The Processor imposes appropriate contractual obligations upon its personnel, including relevant obligations regarding confidentiality, data protection and data security.
Security of Data Processing
Big Fig Tree provides the following security statement with a promise to adhere to the highest effective industry standards. We implement appropriate technical safeguards as HTTPs to guard your personal data, however, no security system is impenetrable and due to the inherent nature of the Internet as an open global communications vehicle, we cannot guarantee that information, during transmission through the Internet or while stored on our systems or otherwise in our care, will be absolutely safe from intrusion by others, such as hackers.
The personal data will be processed securely and in a way that protects against unauthorised or unlawful processing and against accidental loss, destruction or damage.
In order to prevent unauthorised access or disclosure, we have put in place suitable physical, electronic and managerial procedures such as encryption of personal information, to safeguard and secure personal information and protect it from misuse, interference, loss and unauthorised access, modification and disclosure.
We cannot guarantee the security of any information that is transmitted to or by us over the Internet. The transmission and exchange of information is carried out at your own risk. Although we take measures to safeguard against unauthorised disclosures of information, we cannot assure you that the personal information we collect will not be disclosed in a manner that is inconsistent Privacy Policy or Data Processing Addendum documents.
Limitation of Liability
The total aggregate liability towards the Customer, of whatever nature, whether in contract, tort or otherwise, of the Data Processor for any losses whatsoever and howsoever caused arising from or in any way connected with this engagement shall be subject to the “Limitation of Liability” clause set out in the EULA. Nothing in this DPA will relieve the processor of its own direct responsibilities and liabilities under the GDPR.

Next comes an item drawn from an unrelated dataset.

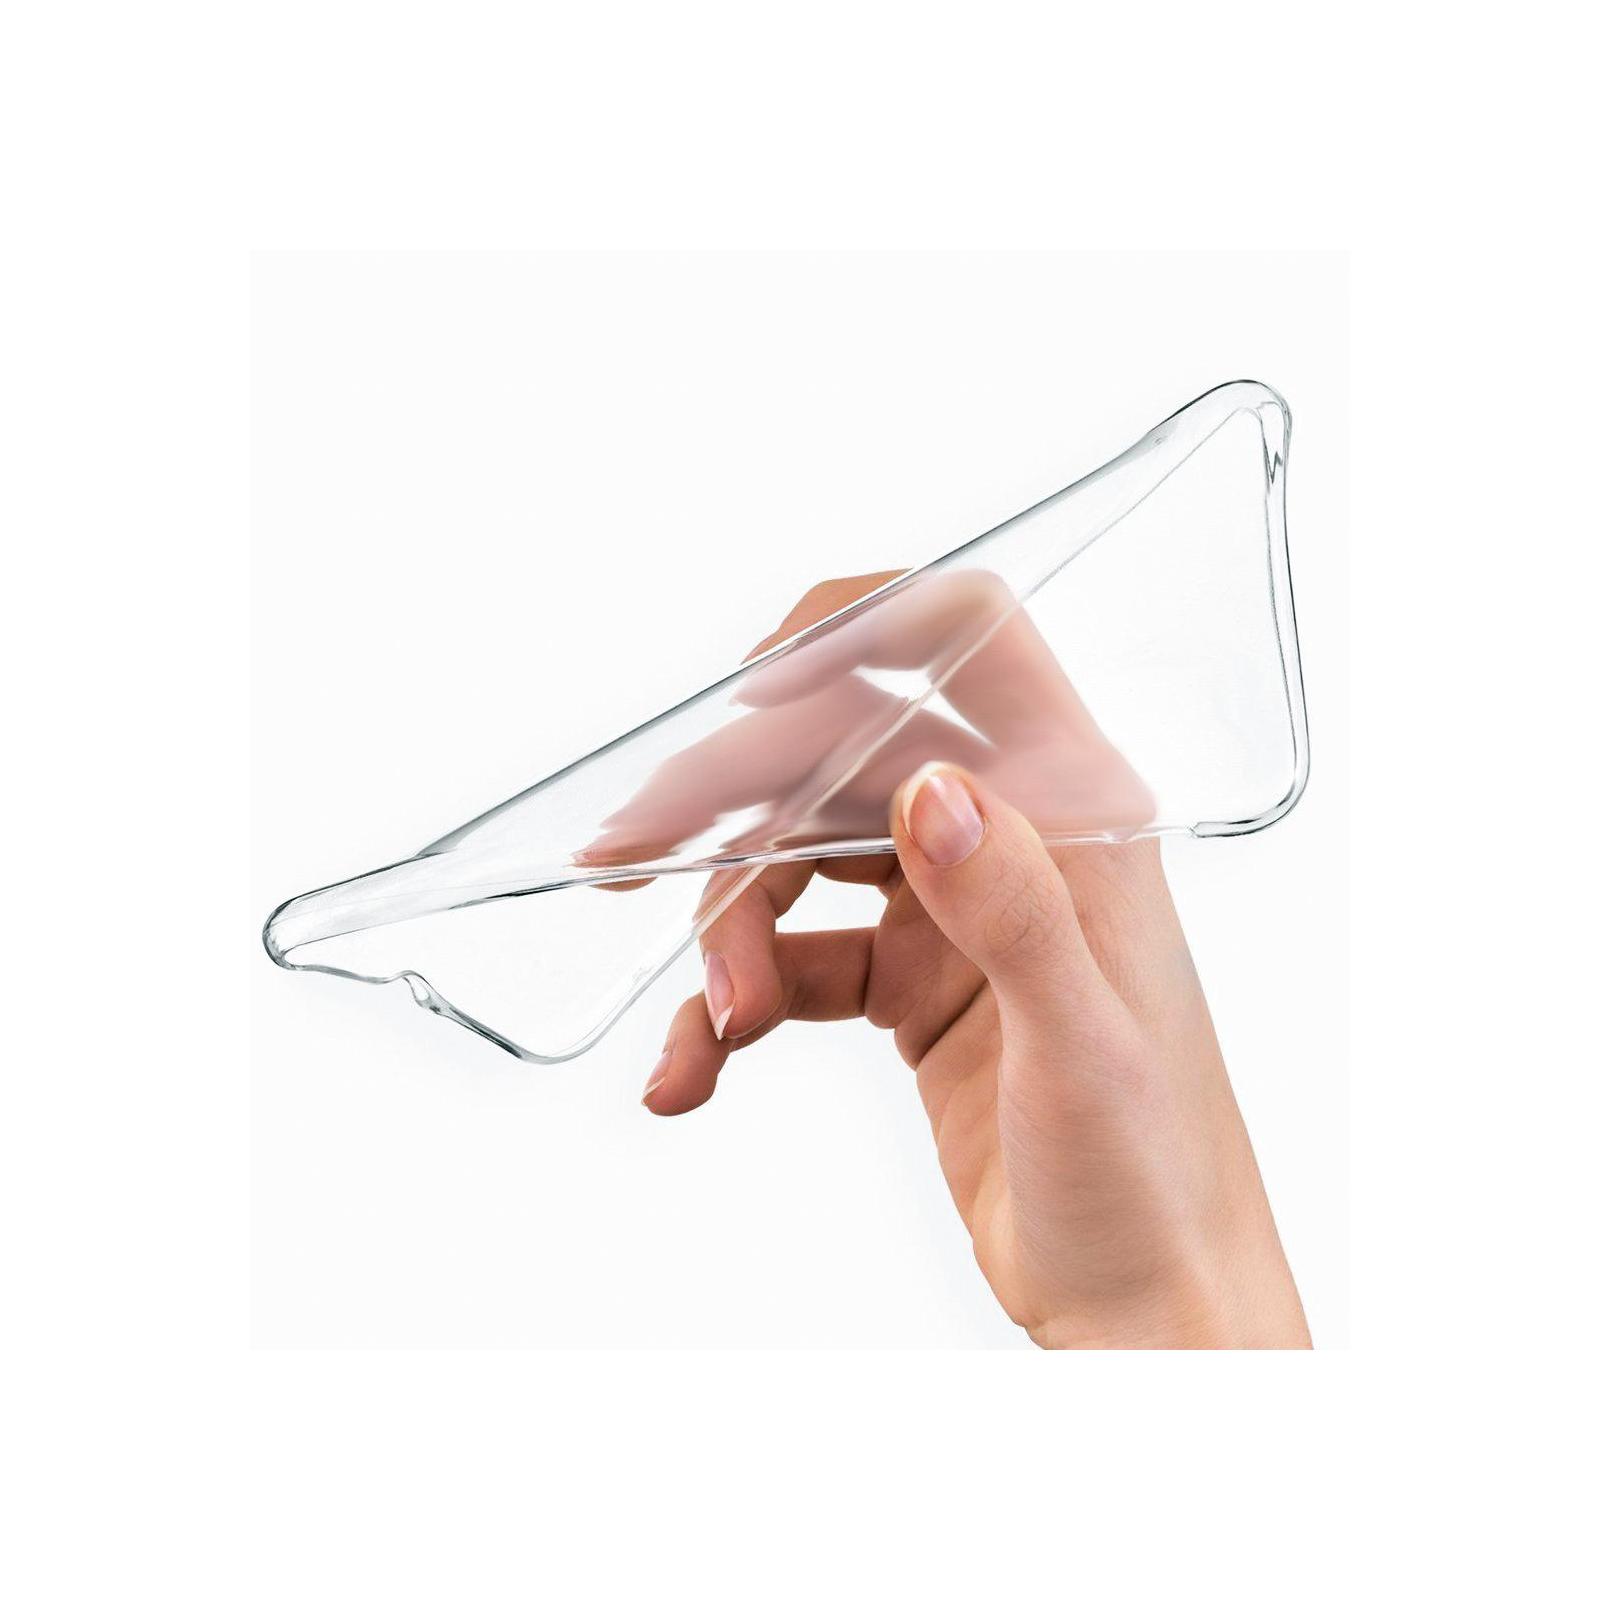 Чехол для моб. телефона SmartCase Samsung Galaxy J3 /J320 TPU Clear (SC-J320) изображение 6

Remuneration and costs (Optional)
The Data Controller shall upon request remunerate the Data Processor based on the time spent to perform the obligations regarding ‘Data protection impact assessments and prior consultation’, ‘Rights of the data subjects’, ‘Personal Data Breaches’, and ‘Documentation of compliance and Audit Rights’ of this Data Processor Agreement based on the Data Processor’s hourly rates.
Duration
The Data Processor Addendum shall remain in force until the support service is provided under EULA.

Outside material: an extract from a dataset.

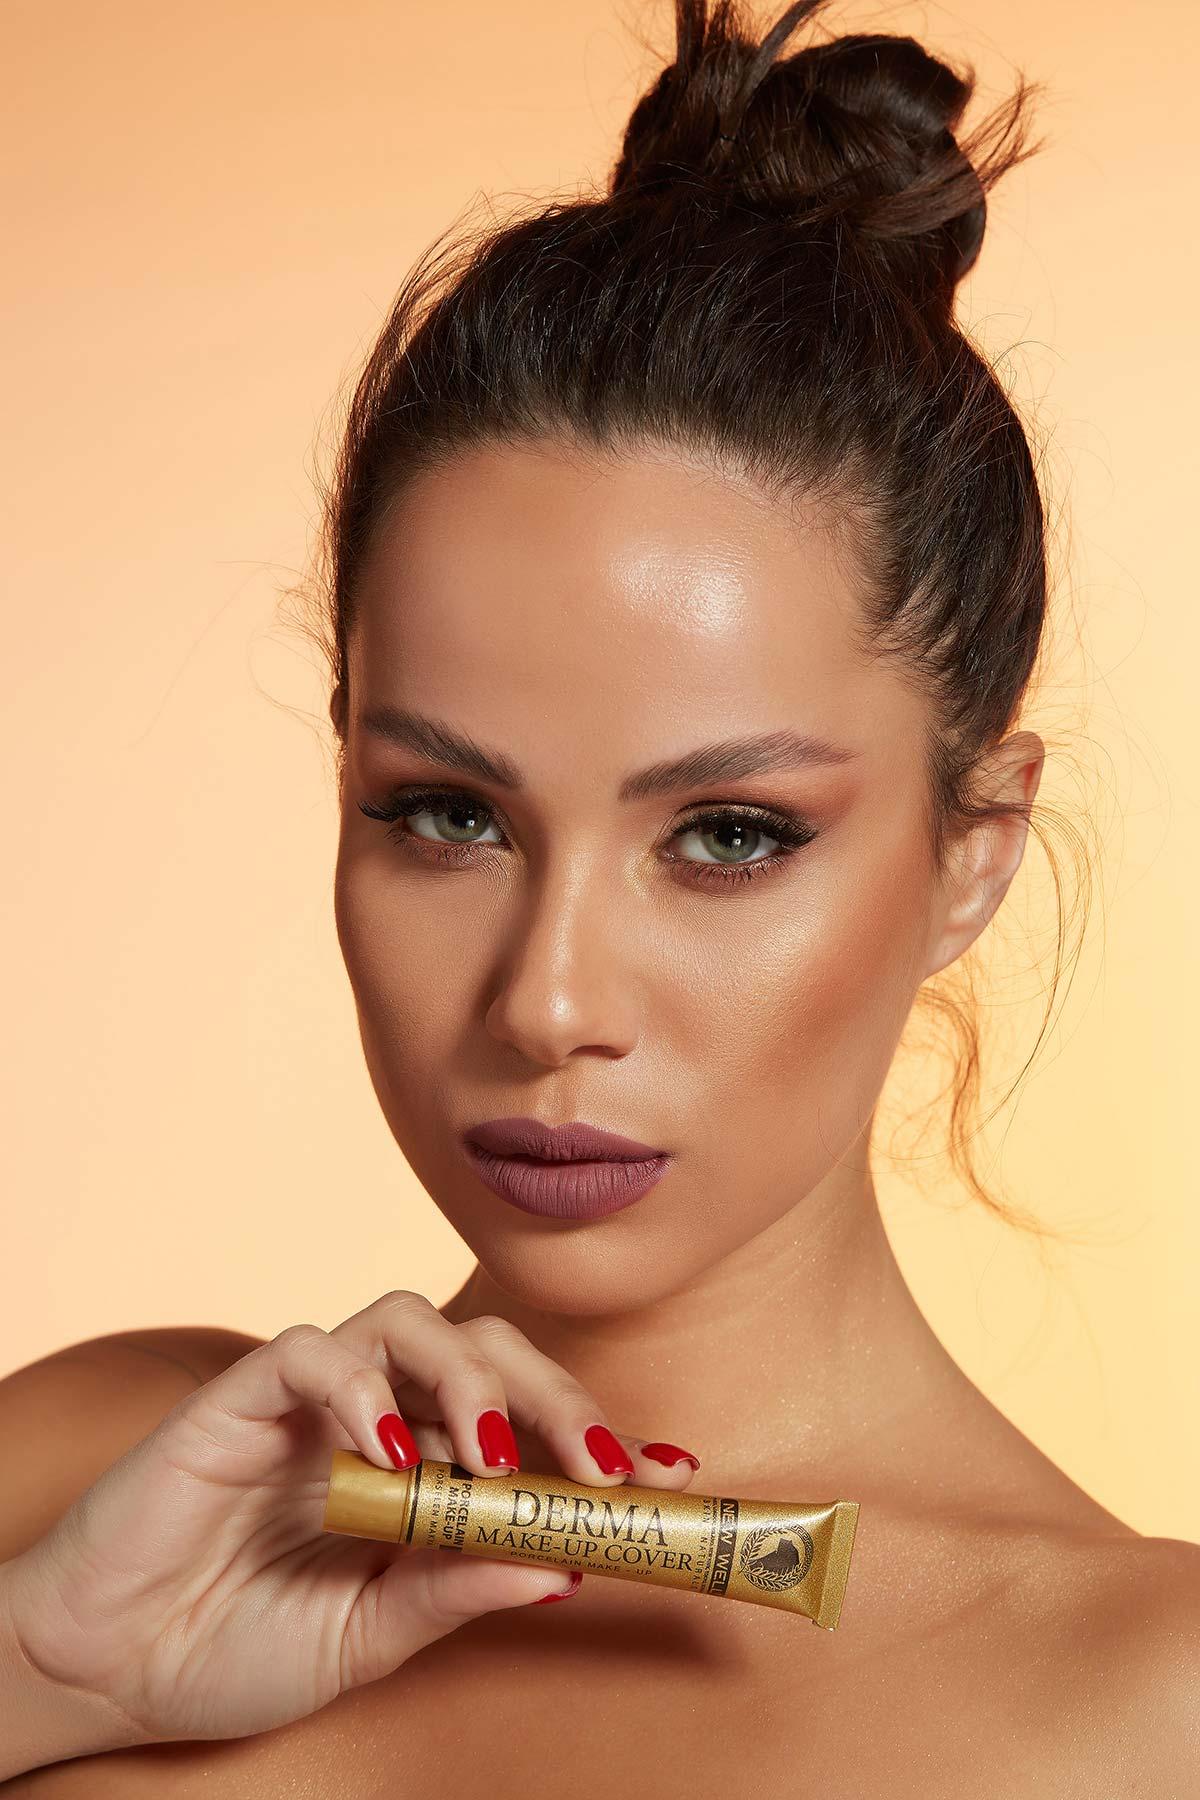 Derma Make-Up Cover Foundation - Silver -Fondöten - Foundation Thumbnail

Security Breach Notification
The Processor will notify the Controller of security incident without undue delay after becoming aware of the security incident.
The Processor will take reasonable steps to mitigate the effects and to minimise any damage resulting from the security incident.
Transfers of Personal Data
Ordinarily, the Data Processor will not transfer your data to countries outside the European Economic Area. In some cases, personal data will be saved on storage solutions that have servers outside the European Economic Area (EEA), [for example, Amazon Web Services or Google Drive]. Only those storage solutions that provide secure services with adequate relevant safeguards will be employed.
Subprocessors
The Processor uses following third party service providers and authorizes them to process the personal data:
- Amazon Web Services, Inc.
- ObjectLabs Corporation
- Atlassian Corporation Plc
- Google, Inc.
According to GDPR regulations this service providers are Subprocessors.
The Processor shall monitor and control its Subprocessors if they follow GDPR regulations.
Termination of the DPA
This DPA shall continue in force until the support service is provided under EULA.
In case of termination of the DPA, the Processor will delete the Controller’s personal data with exception of data removal from a backup storage.